Then we can reboot the Pi and the dashboard appears (takes a while to appear).
Epilogue
We wanted to have a demonstrator for an exhibition that could run unattended, did not need network connections, and showcased the use of the Raspberry Pi as a means to collect and display environmental data. This configuration works well and shows what a versatile computer the Pi really is. In designing the dashboard, there were inevitably lots of editing required. We discovered that with the Pi connected to a monitor as configured above, the best means to do this was to connect with a separate networked laptop to the NodeRED configuration page on the Pi (<<IP address of Pi>>:1880) – then, then the code is redeployed, or the dashboard rebuilt – the attached monitor display automatically updates. This saved a LOT of time.

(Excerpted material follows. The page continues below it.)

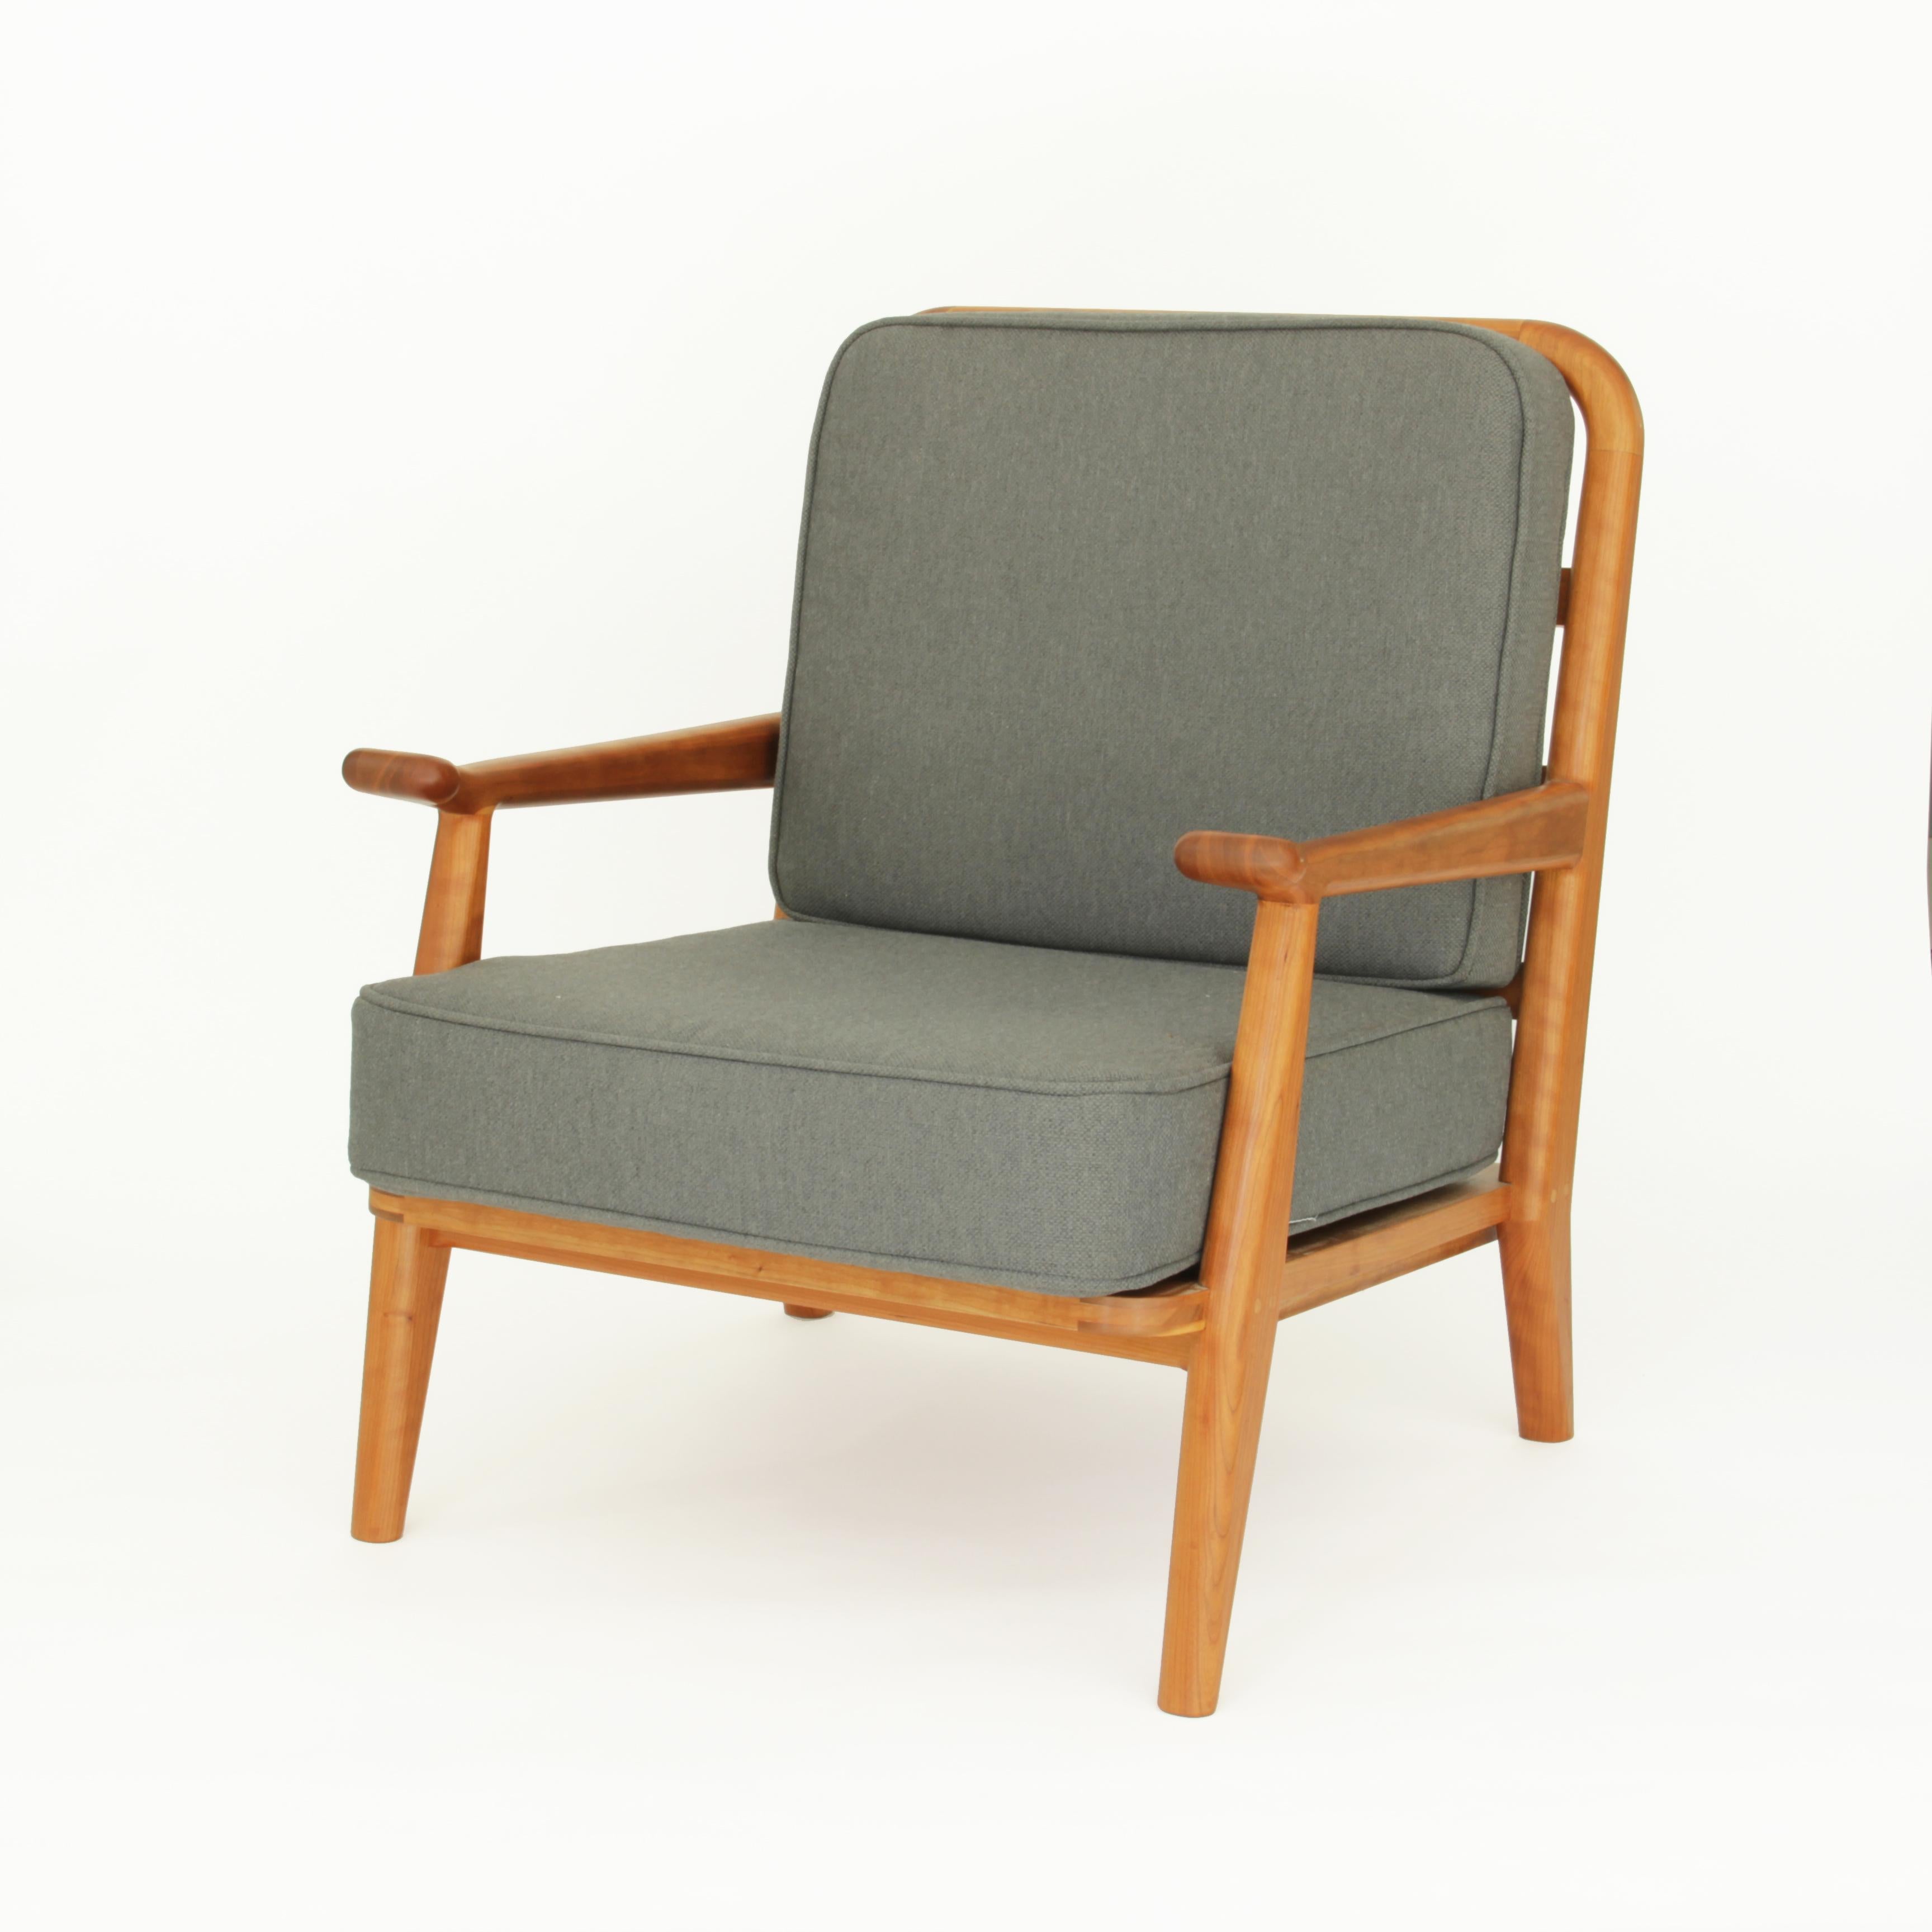 Dieser Sessel besteht aus Kirschholz und mit Wolle gepolsterten Kissen. Er wird News Chair genannt, weil die Armlehne mit einem paddelförmigen Griff versehen ist, der dazu einlädt, ihn zu ergreifen, je nachdem, welche guten oder schlechten

For the exhibition itself, the Pi can now be plugged in and powered up and should immediately start working. A ‘power down’ halt button – has been added at the foot of the dashboard, as it is generally not advised to turn off a Pi by just pulling the plug!! If we are running without a mouse or keyboard, but using the Raspberry Pi screen, which is a touchscreen, a further ‘touch’ setting needs to be added to the call to Chromium, thus: (/usr/bin/chromium-browser –touch-events –noerrdialogs –disable-infobars –kiosk http://localhost:1880/ui).